Re: Identifying which column matches a full text search

От
Richard Huxton
Дата:
Ryan Wallace wrote:
> Richard Huxton wrote:
>> Failing that, where I've had many (a dozen) different sources but want 
>> to search them all I've built a textsearch_blocks table with columns to 
>> identify the source and have triggers that keep it up to date.
> 
> Once you've built the text search blocks table, how do you search it? Do you
> perform
> twelve separate queries or can you just do one?

OK, you have a table something like:

fulltext_blocks (  section  varchar(32),  itemid   int4,  words    tsvector,them  PRIMARY KEY (section, itemid)
)

Now assume two of the things I search are "news" and "faqs". I'm 
assuming they've both got a simple serial pkey - if not, "itemid" above 
needs to be text and you'll have to cast.

For each target table (news, faqs) add a trigger that updates 
fulltext_blocks appropriately. This can include weighting title and body 
of a news article.

Then, search the fulltext_blocks table, optionally filtering by section. 
If you're going to have lots of results put the ids into a (perhapd 
temporary) results-table. Then join your results back to the original 
tables with the appropriate UNION (if you need to - it might be you 
fetch results one at a time elsewhere in your app).
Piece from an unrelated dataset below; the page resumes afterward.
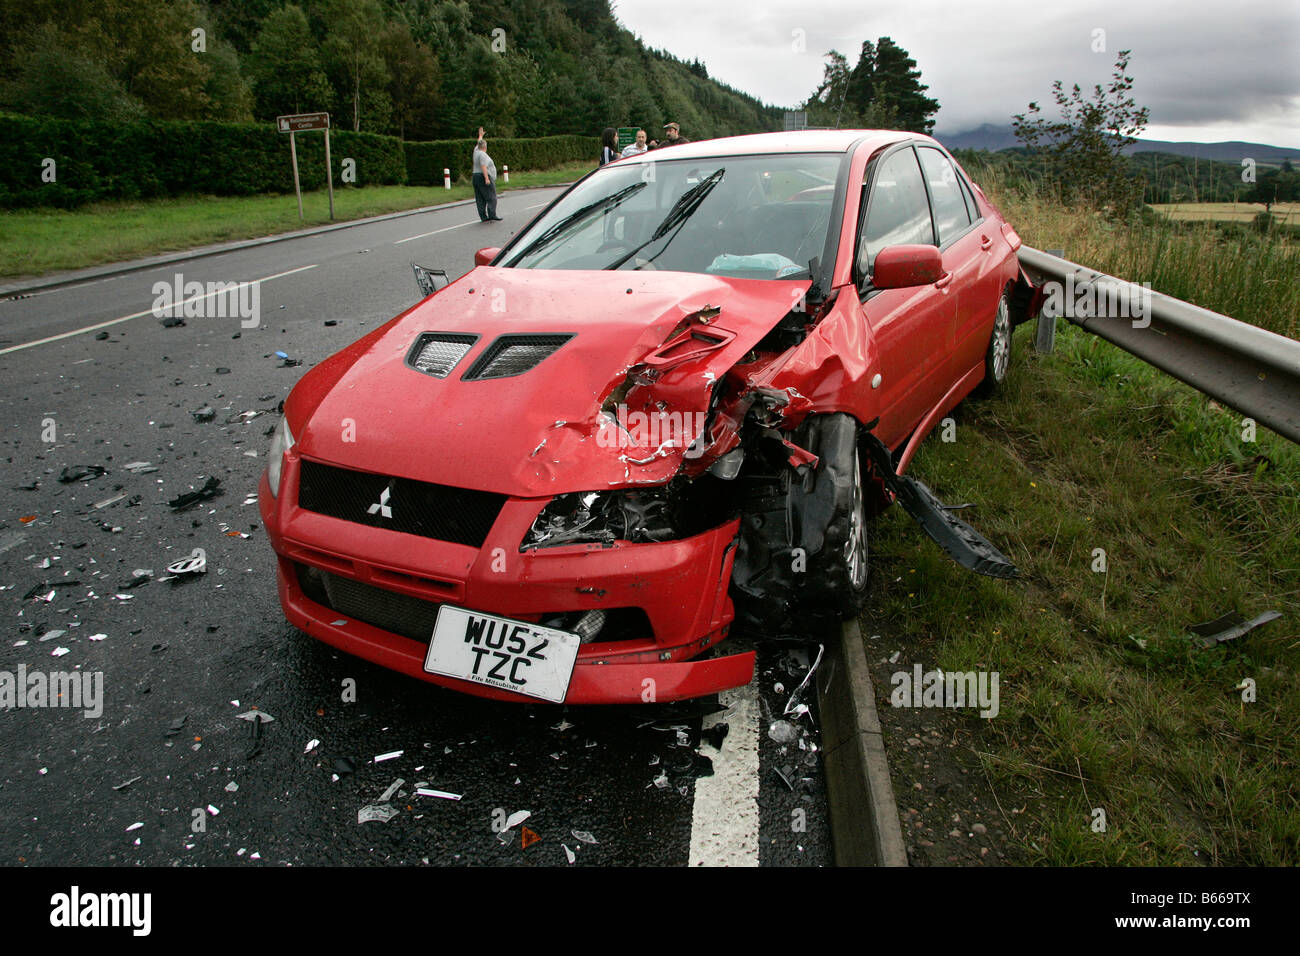 Les lieux d'un accident de la route impliquant une collision frontale entre deux voitures sur une route rurale en Ecosse, Royaume-Uni Banque D'Images

SELECT n.id, n.title, n.body
FROM news n JOIN results r ON n.id=r.id
WHERE r.section='news'
UNION ALL
SELECT f.id, f,question, f.answer
FROM faqs f JOIN results r ON f.id=r.id
WHERE r.section='faqs'
;

You'll probably want to set ownership/permissions on the triggers / 
fulltext_blocks table so you can't accidentally update it directly.

In mine I even had a "documents" section which relied on an external 
cron-driven script to strip the first 32k of text out of uploaded 
documents (pdf,word) in addition to user-supplied metadata (title, summary).

Note - this is basically simulating what we could do if you could index 
a view. The fulltext_blocks table is nothing more than a materialised view.

HTH

--   Richard Huxton  Archonet Ltd